Q1: How do you think the arbitrator ruled? Why? What is the supporting evidence? Vacation disagreement goes to the Arbitrator Facts: When Bruce Reaves quit his job at the end of January of a recent year, the personnel manager saw to it that his final check included all pay and allowances due as of his last day of work.
Management assumed that was the last they would see of this former employee, but seven months later—shortly before August 1 of that year—Stan showed up to collect his one week of vacation pay. The personnel manager said he was not due the vacation pay. Stan may have expected that response for he had a copy of the union contract with him, with sentences in the vacation pay clause underlined.
“It says here that to be eligible for a week of vacation a man must have worked 100 days prior to August 1 of the vacation year,” he pointed out. “I finished my last vacation on August 10, and worked more than 100 days before I quit, so I’m entitled to the money.” “But that clause, and the reference to August 1, presupposes that an employee would still be on the payroll when the new vacation season rolls around,” the personnel manager explained.

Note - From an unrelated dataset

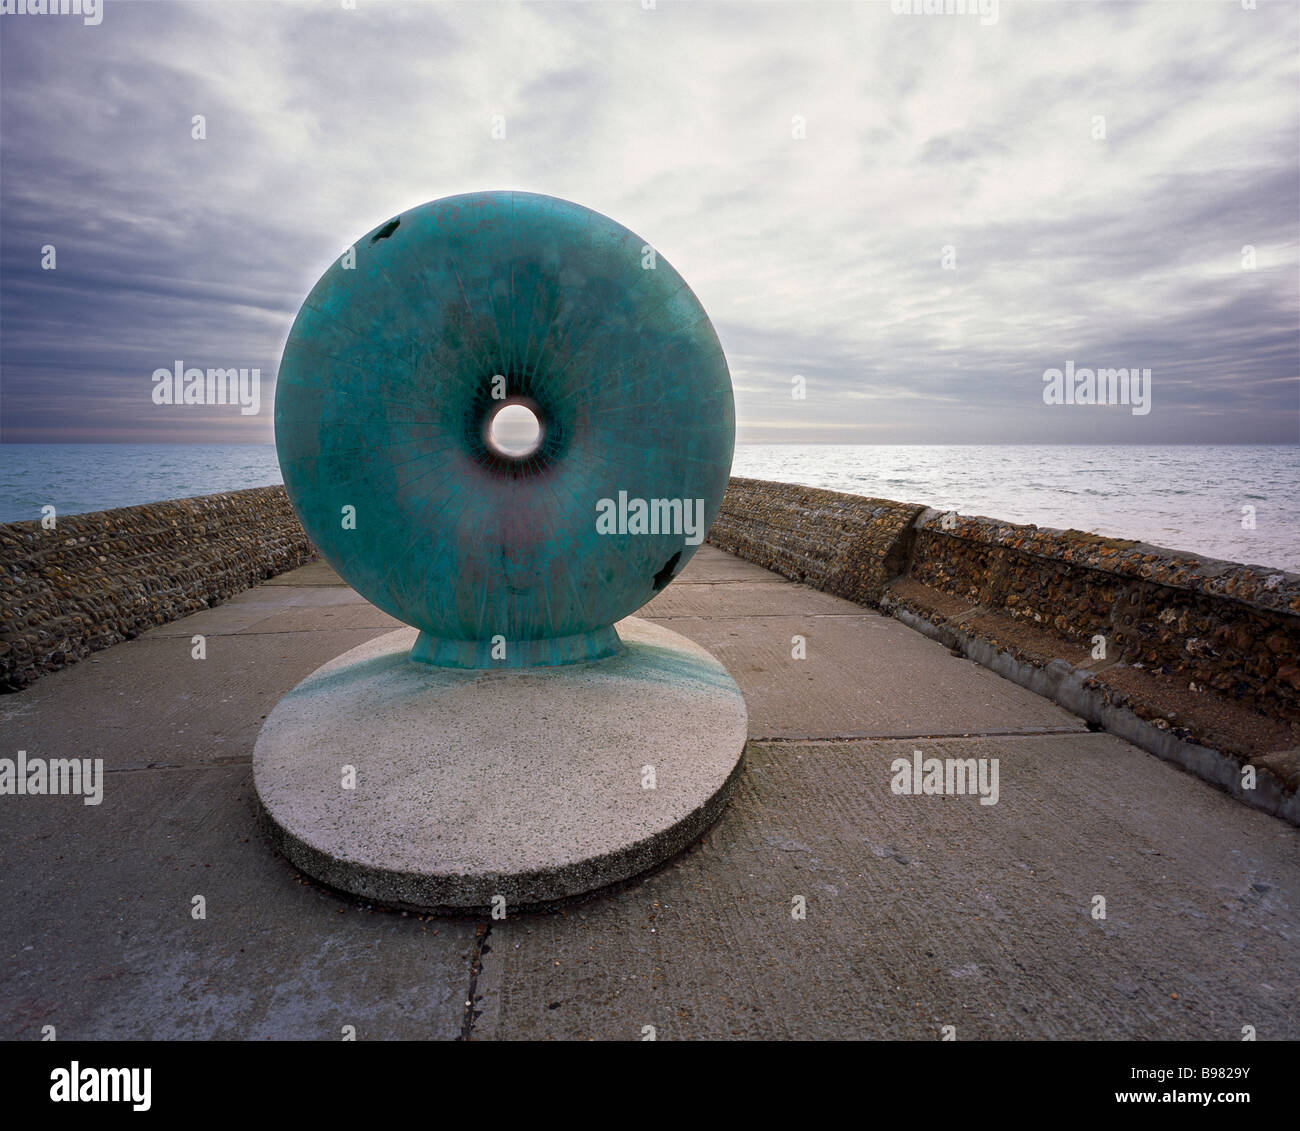 Die donut geformte Skulptur, die als Flott Brighton, Sussex, England, Großbritannien bezeichnet wird. Stockfoto

“Maybe that’s what you presupposed, not what the union presupposed. I checked with the union and they agree with me that I’ve got the money coming to me.” As Stan was no longer an employee, he could not file a grievance directly. The union, however, filed one in his behalf, and a few months later the union summoned an arbitrator to rule on how the following contract language applied to Stan’s case:
CONTRACT LANGUAGE: ARTICLE XVII—VACATIONS: Employees to be eligible for one week’s vacation with pay shall have worked 100 working days prior to August 1 of the vacation year. An employee’s vacation pay is to be based upon the straight time average earned for the months of January, February, and March or February, March, and April of the vacation year.
The period selected to be on a departmental basis. Employees on leave of absence due to injury, sickness, or other need for medical care shall be considered as working during such leaves of absence for purposes of computing vacations. The company’s chief arguments were:
1. The reference to August 1 means that only those on the rolls as employees on that date are entitled to vacation pay, provided they also meet the 100-day requirement.

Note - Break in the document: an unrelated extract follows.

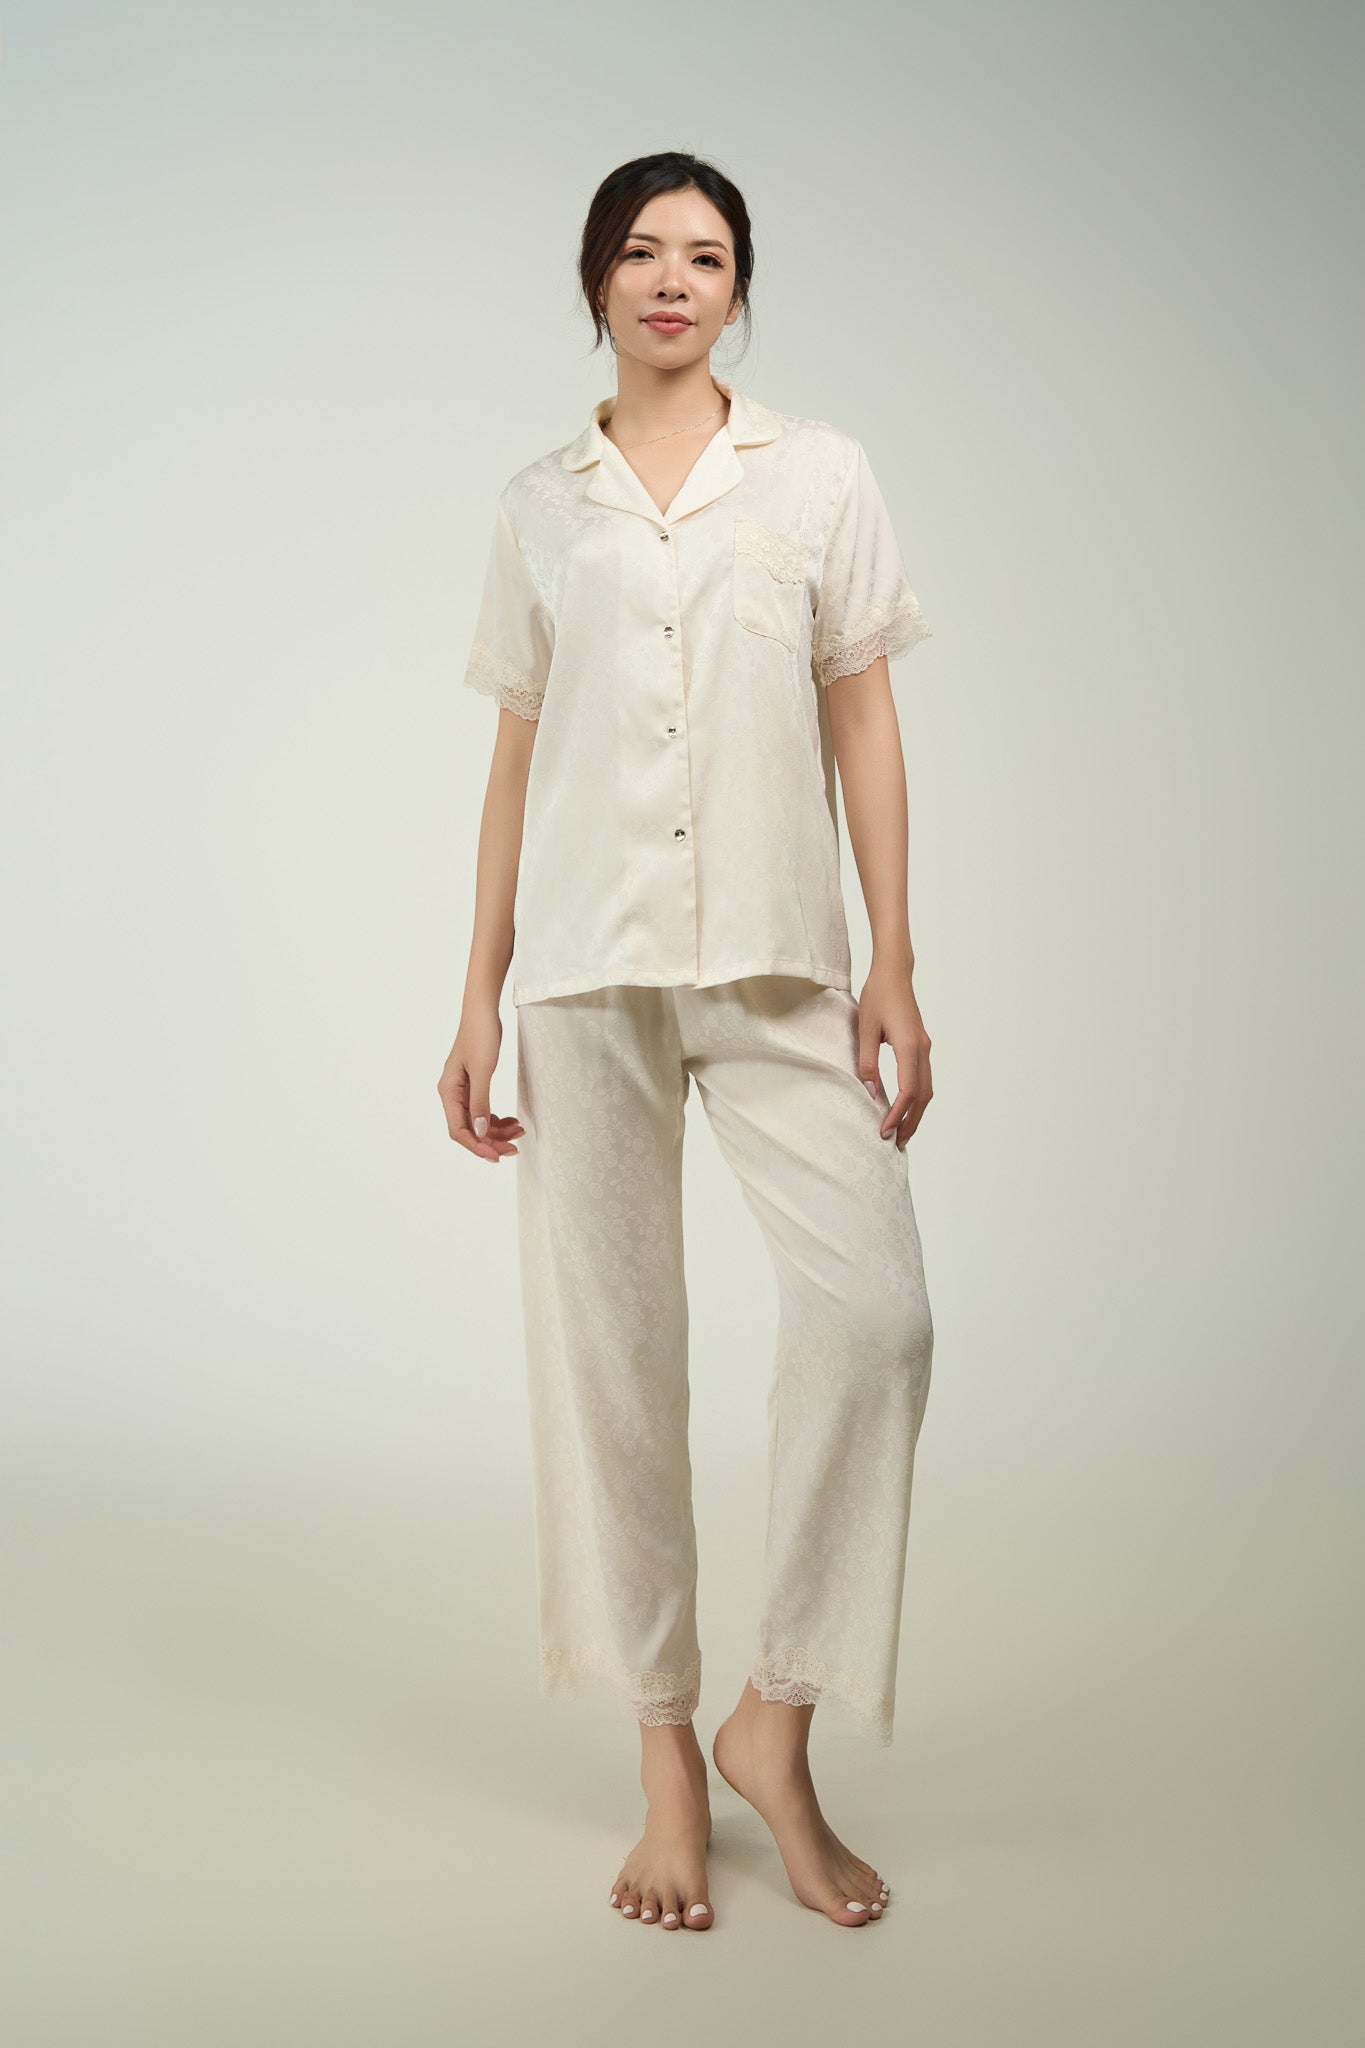 White Lace Short Sleeve Pyjama Set – Lavoni Sleepwear

2. According to union interpretation, a man who quits after working 100 days after his last vacation can still get vacation money the following year. This was not the intention of the negotiators.
3. The fact that the rate of vacation pay is based upon earnings during the first three or four months of the year reinforces management’s judgment that a man can’t quit in January and still collect for a vacation. The union’s answer was:
1. According to management interpretation, a man who quits or dies at the end of July would not be entitled to any vacation money, no matter how many days he worked since the last vacation. It is not believable that the negotiators could have intended such a result. 2. The August 1 date is merely the cutoff point for meeting the 100-day requirement. It doesn’t mean that a man who already qualified for vacation money has to be employed on that date. 3. The reference to January through April is just a convenient way of computing the amount of vacation pay. It has nothing to do with eligibility. We will have no trouble determining the amount of money Stan is supposed to receive.